Круг друзей и недругов

   Нью-Йорка нет в лирике Бродского, но в этом многообразном мегаполисе Бродский нашел свою нишу, чувствовал себя как дома. Помогало этому и то, что какой-то одной, житейской, стороной своей личности Бродский соответствовал классическому представлению об энергичном, задиристом и бойком на язык ньюйоркце. 13 декабря 1987 года заметка в «Нью-Йорк таймс» была посвящена встрече Бродского и тогдашнего мэра Нью-Йорка Коча. Коч пригласил новоиспеченного нобелевского лауреата в Сити Холл, и чинная беседа вскоре, на глазах репортеров, перешла в словесную дуэль между двумя находчивыми говорунами. Под конец беседы Коч спросил Бродского, страдал ли он в Советском Союзе от антисемитизма. «Меня в детстве иногда дразнили, потому что я плохо выговариваю ри л», сказал Бродский. Коч удивился: «Разве это признак еврея? А я прекрасно произношу ри л» – и огласил зал гулким ли раскатистым р.Дав мэру закончить фонетическую демонстрацию, Бродский сказал: «Видимо, вы не вполне настоящий еврей». Когда в девяностые годы вагоны нью-йоркской подземки стали украшать плакатиками с короткими стихотворными цитатами, Бродский дал для плаката импровизированное двустишие, похожее на девиз ньюйоркца из нью-йоркского мифа:
 
Sir, you are tough, and I am tough.
But who will write whose epitaph?
 
   (Сэр, вы круты и я крут. / Кто же из нас напишет другому эпитафию?) [417]
 
   Он без особого труда, как многие европейские художники и интеллектуалы до него, вписался в круг художественной интеллигенции Нью-Йорка.
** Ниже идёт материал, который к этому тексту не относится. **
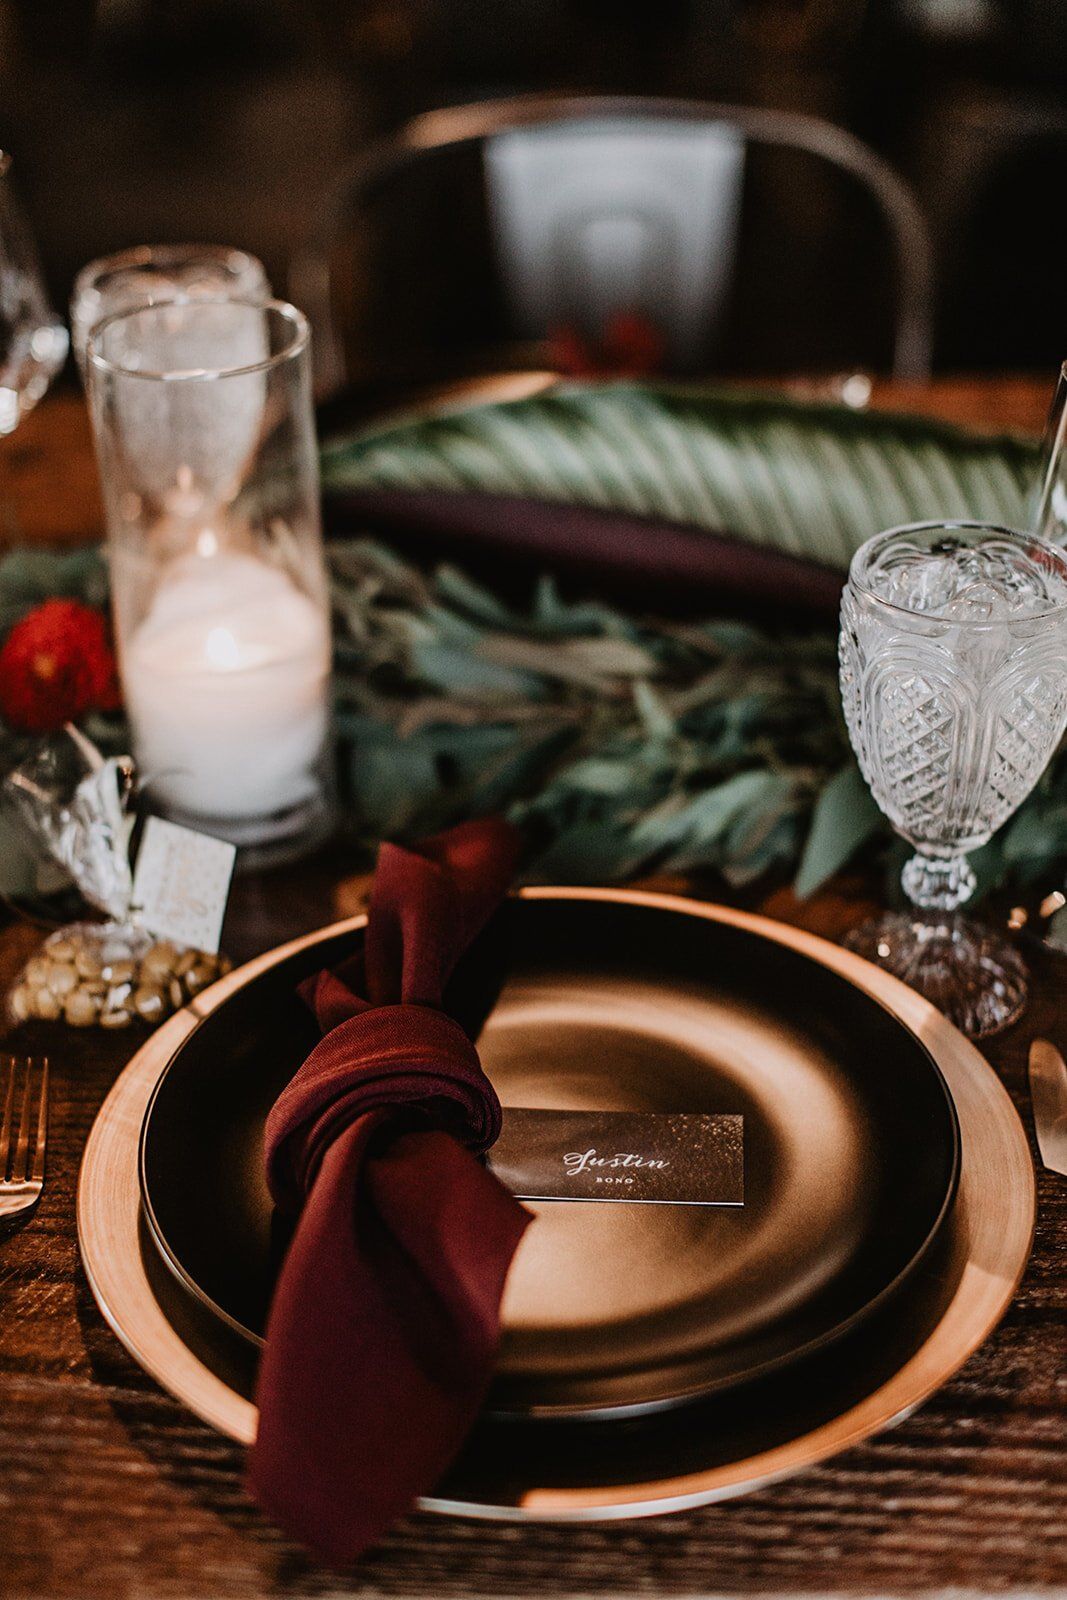 gold and black wedding plates with burgundy napkin for fall wedding

Периодическим изданием, для которого он написал эссе о Кавафисе, Монтале, Надежде Мандельштам, а также первый мемуарный очерк «В полутора комнатах», было «Нью-йоркское книжное обозрение» («The New York Review of Books»), единственный журнал, читаемый всеми американскими высоколобыми, независимо от профессии. Но статьи, эссе, стихи публиковал он и в более массовом журнале для образованной публики «Нью-йоркер», и в приложениях к газете «Нью-Йорк таймс», и даже в модном журнале «Вог», где его эссе о Вергилии или о Петербурге («Путеводитель по переименованному городу») невольно иллюстрировались рекламой дамских туалетов. Бродский был лишен публикаторского снобизма и так же охотно, как в эти престижные издания, отдавал стихи и прозу в малотиражные, малоизвестные издания, если просили.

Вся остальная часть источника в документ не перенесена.